I think as diabetics we all need to study our days. Honestly let's look at what we are doing and troubleshoot in a way that works for your life. Find a way to keep your sugars in as good of control as you can by putting forth honest effort. Don’t use the excuse that I am so tired of hearing, “my diabetes is different”. Honestly, my friends, everyone’s diabetes is different. That is the point I am trying to make, find out what works for you and your diabetes. Honestly people, the term “brittle diabetic”, is in my opinion simply non- compliance. Your sugars are erratic because of your behavior. If you are honest with yourself, you will know I am right. Eating 3 donuts for breakfast will have serious consequences of your sugars. Over blousing to correct the high from those 3 donuts, will cause a low which will then send you into panic mode, because who likes to feel low? (Hint nobody). And then you overeat and go high from panic eating to fix the low and the cycle starts all over again. This up and down cycle always has a beginning that if you take the time to find it, you can correct it. 

Diabetes does not have to run or ruin your life.

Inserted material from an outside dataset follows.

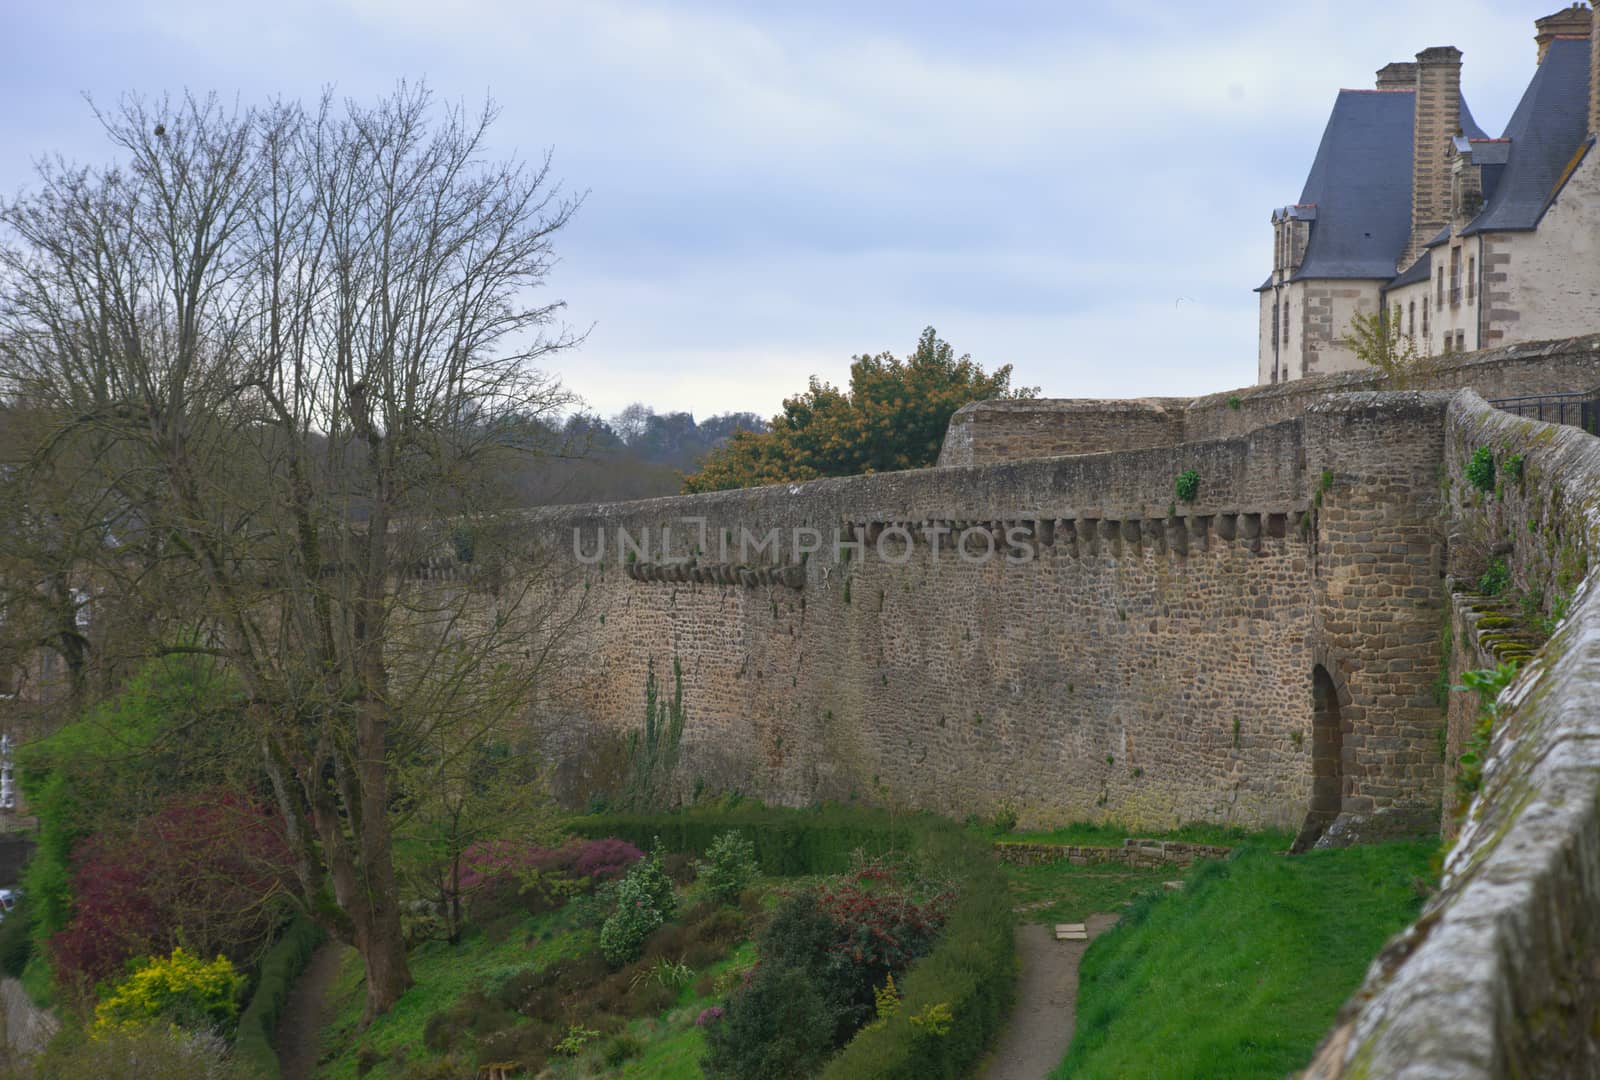 View on huge stone walls at Dinan fortress, France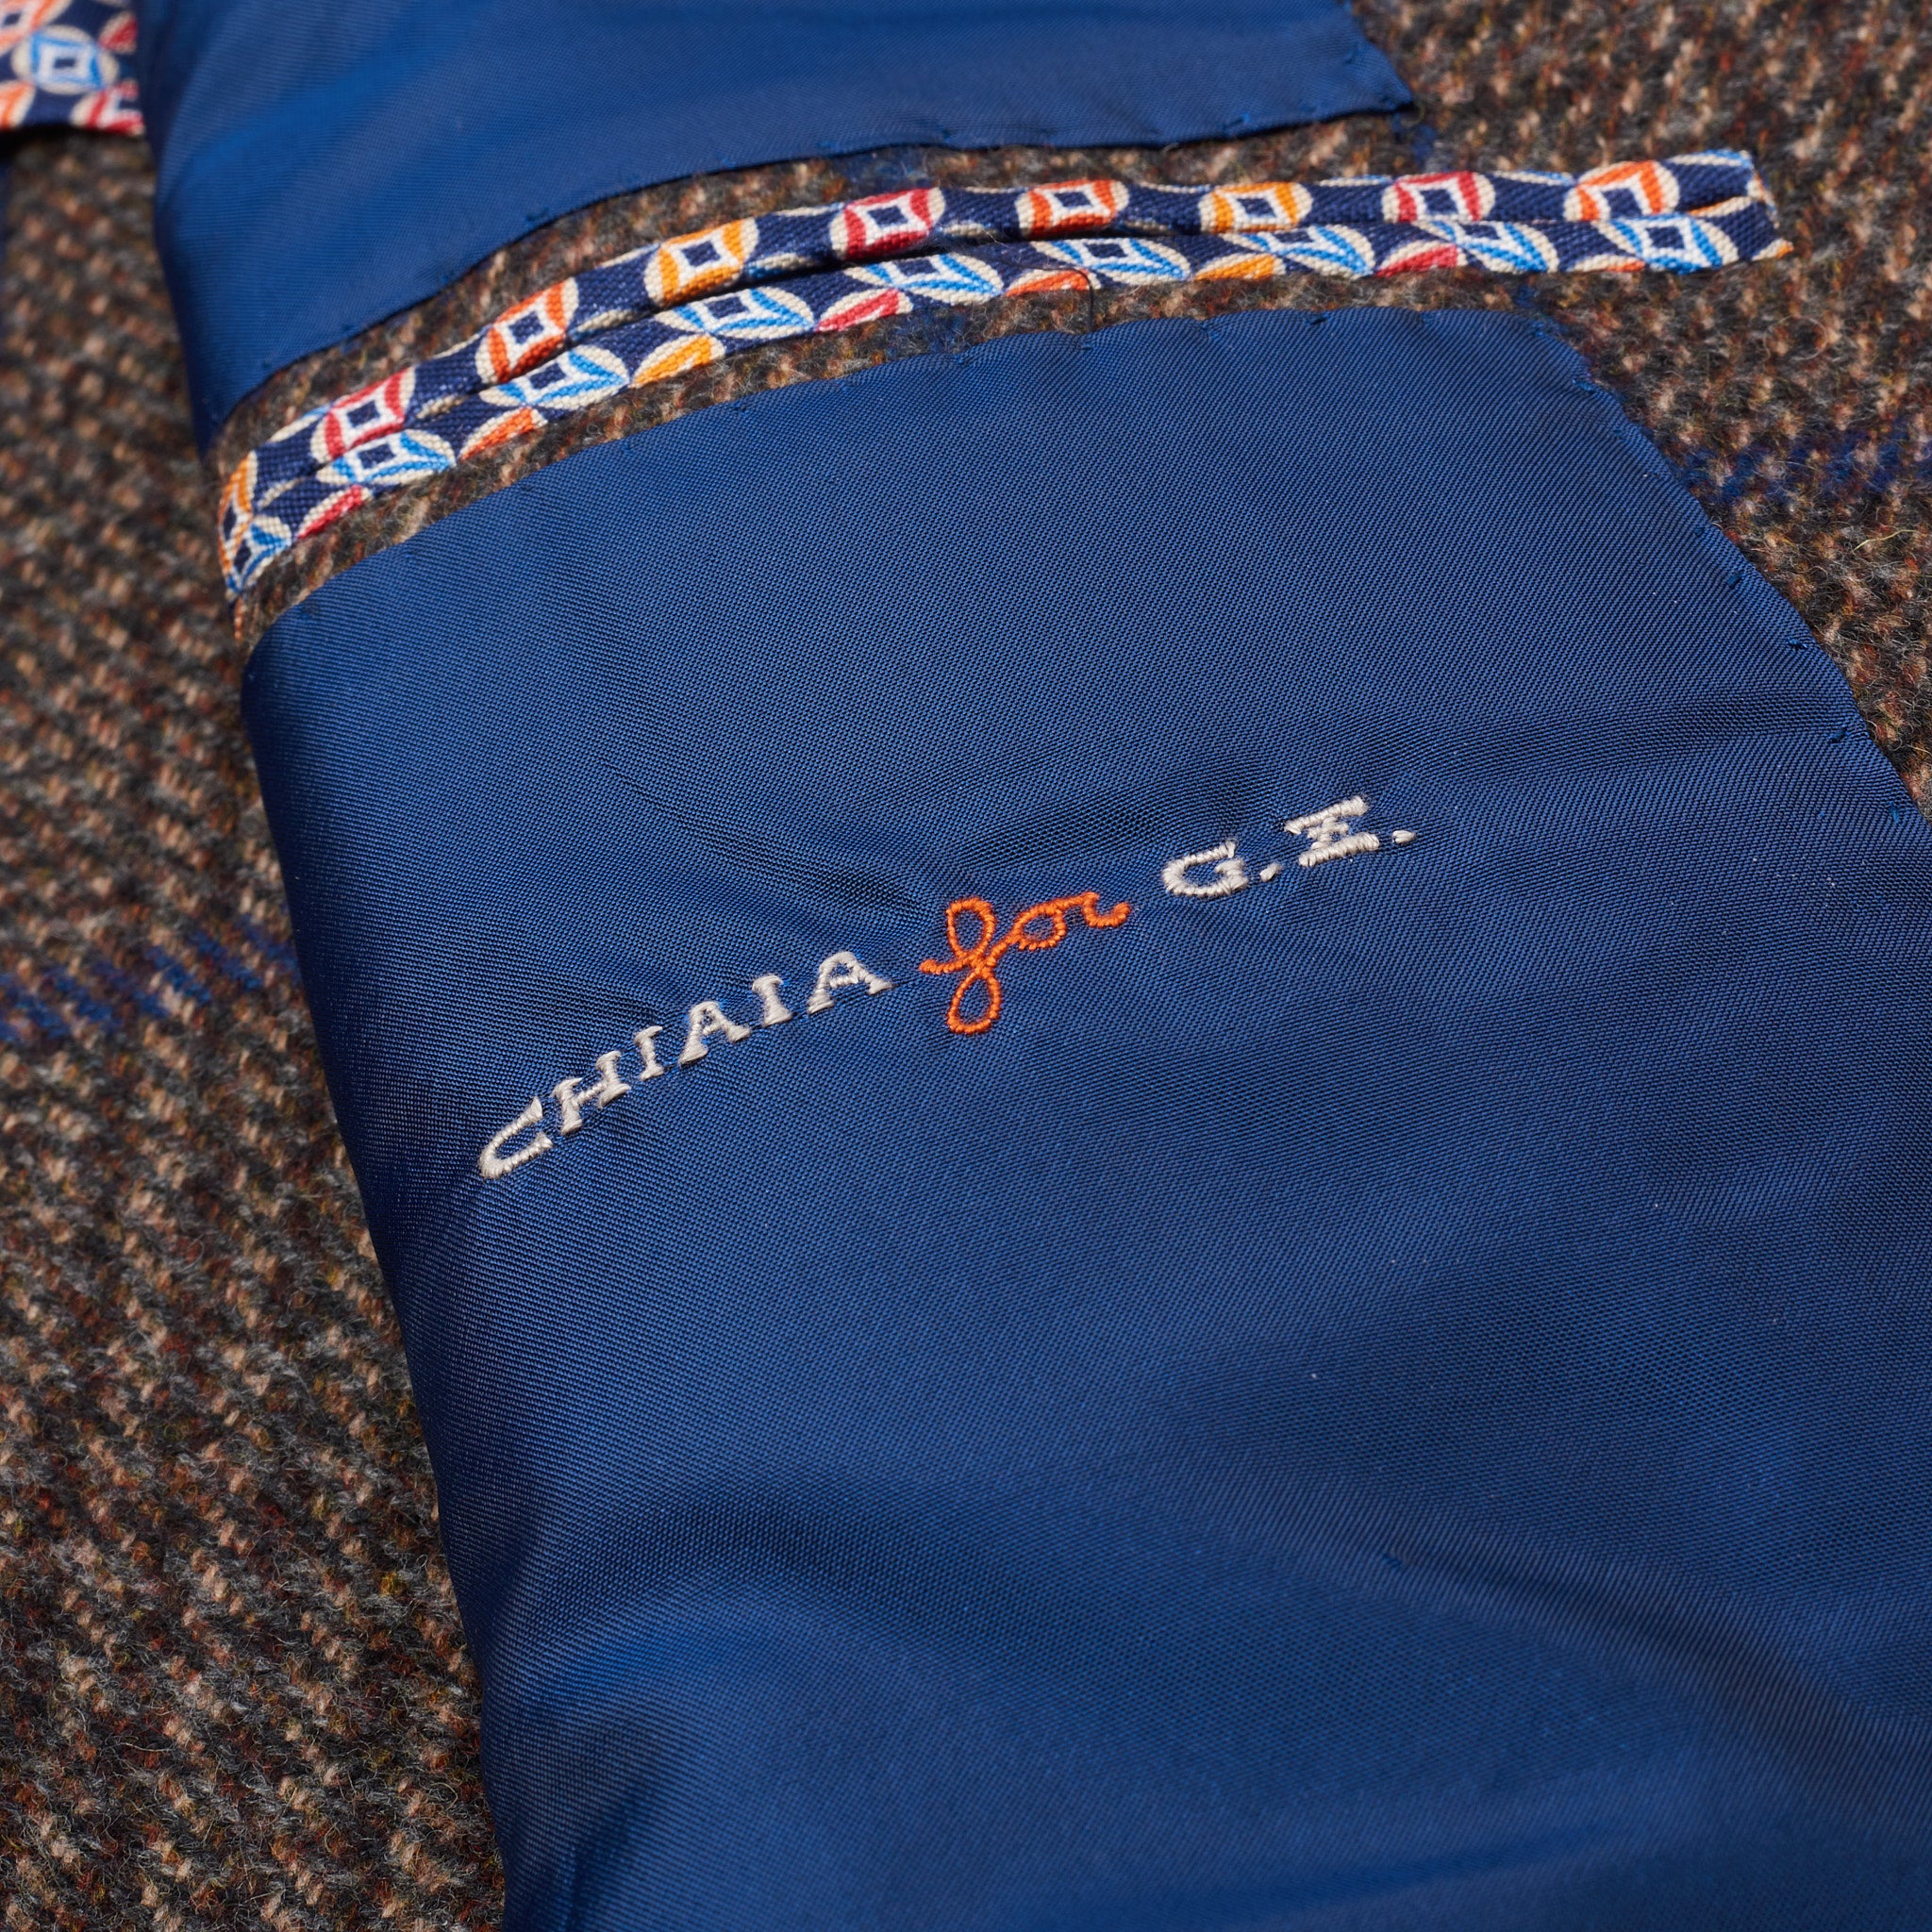 SARTORIA CHIAIA Bespoke Handmade Brown Plaid Wool-Cashmere Jacket 54 NEW 44 SARTORIA CHIAIA

Diabetes does suck for us all but I know if I can do this, if I can live a normal life and I can deal with the ups and downs that at times I can’t explain, so can you! Don’t blame yourself for making mistakes from time to time, we all do. Don’t beat yourself up for having a bad day. Simply take a breath, try to find out why you are having a bad day, and do what you can to make it better. Stop, breathe, and know you are not alone.